Sie versteht den Kampf welcher Geschlechter
Eine Unterhaltung mit Alice Evans macht mindestens eine Erdumrundung. Thematisch geht es in Windeseile von Gambia nach Kambodscha, von Alabama nach Südkorea. Gerade ist sie aus Costa Rica zurückgeflogen, wo sie mit jungen Frauen über deren Tiktok-Konsum gesprochen hat. Die Frauen dort, erzählt sie, schauen überwiegend keine lateinamerikanischen Videos, sondern solche aus den Vereinigten Staaten. Das sei ein gutes Beispiel für „kulturelles Leapfrogging“, also das Überspringen von Entwicklungsschritten. Die Costa Ricanerinnen werden durch progressive Ideen aus den USA geprägt und verändern so ihr Geschlechterbild schneller, als es ohne externe Einflüsse möglich wäre.
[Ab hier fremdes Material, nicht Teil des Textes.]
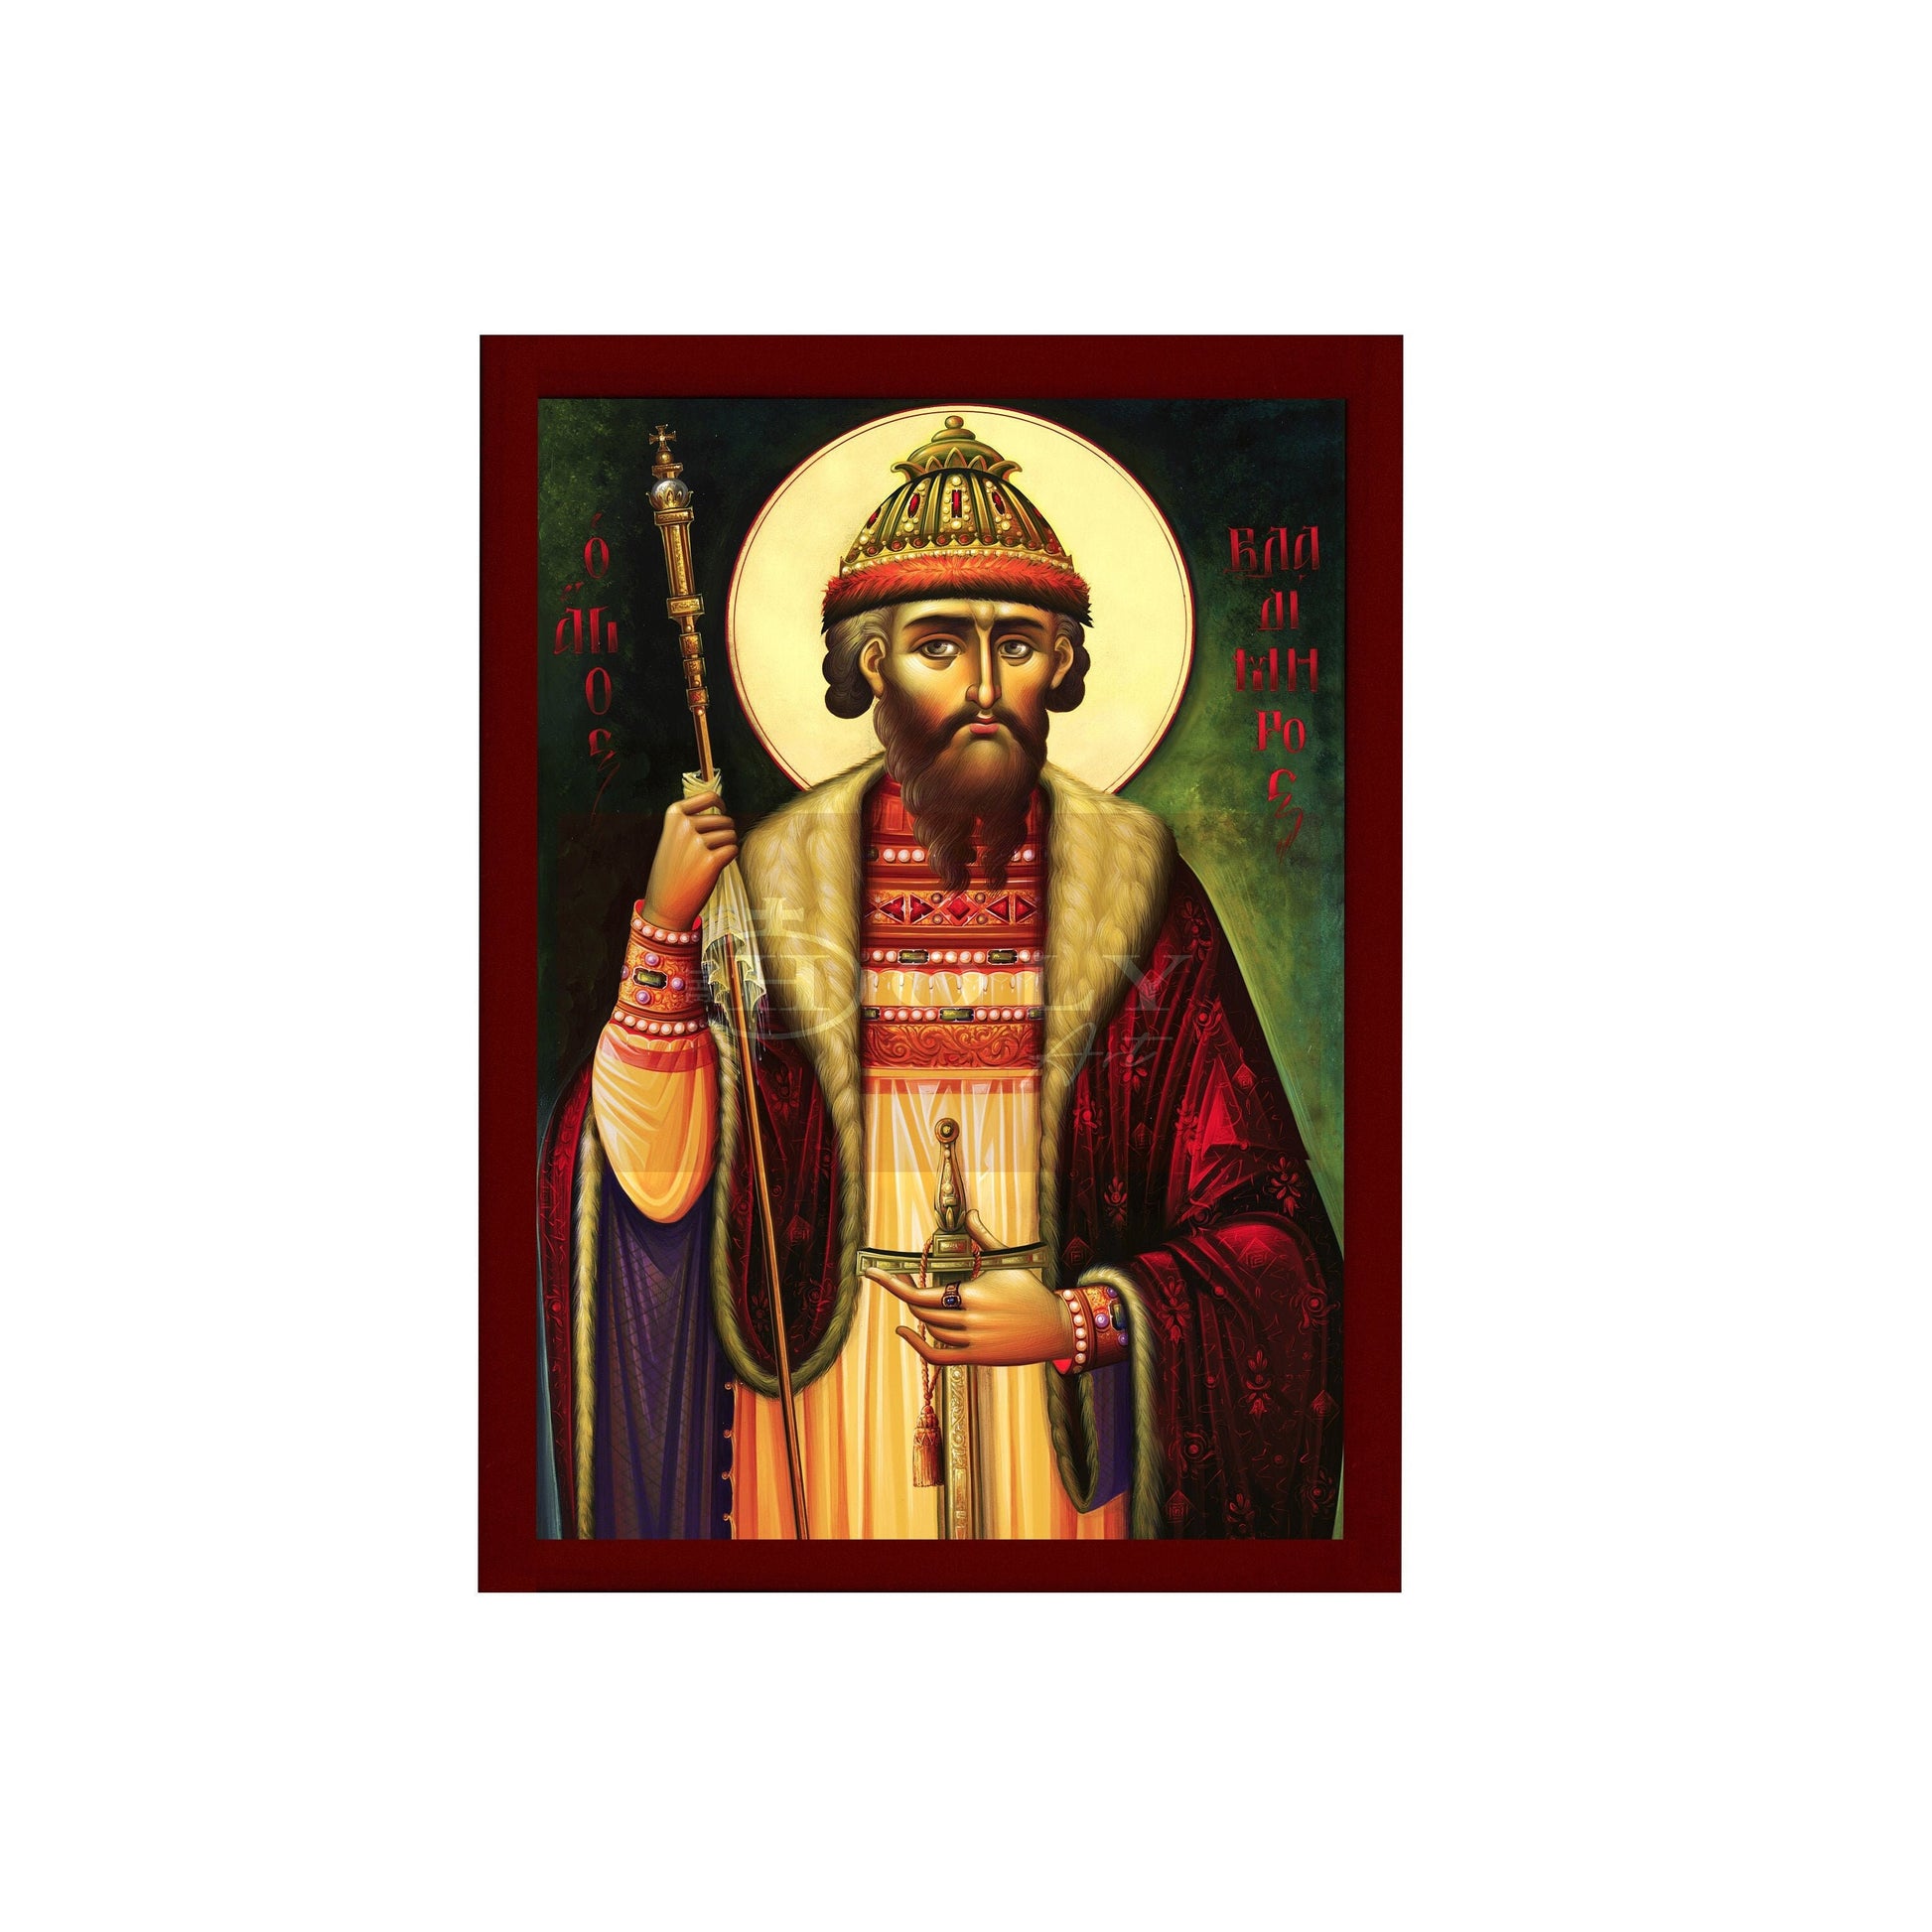 Saint Vladimir icon, Handmade Greek Orthodox icon of St Vladimir of Kiev, Byzantine art wall hanging icon wood plaque, religious decor TheHolyArt

Evans kommt viel rum in ihrem Versuch zu erklären, warum die Gleichstellung von Männern und Frauen in manchen Ländern weiter ist als in anderen. Warum sie mal schneller, mal langsamer voranschreitet – und manchmal einen Schritt zurück macht. Evans lehrt Sozialwissenschaften am King’s College in London. In Kambodscha hat sie untersucht, wie Städte zur Gleichstellung beitragen, in Sambia, warum Männer immer noch so wenig Care-Arbeit übernehmen, in Gambia, wie junge Menschen sexuelle Beziehungen für wirtschaftliche Vorteile nutzen. Sie schreibt an einem Buch über die Entwicklung der Geschlechtergleichheit und informiert in einem lesenswerten Newsletter über neue Forschung aus diesem Feld. Wer verstehen will, warum junge Männer AfD und junge Frauen die Linke wählen, warum Frauen in Deutschland im Durchschnitt immer noch 16 Prozent weniger Geld verdienen als Männer und öfter für die Kinderbetreuung beruflich zurückstecken, der muss mit ihr reden.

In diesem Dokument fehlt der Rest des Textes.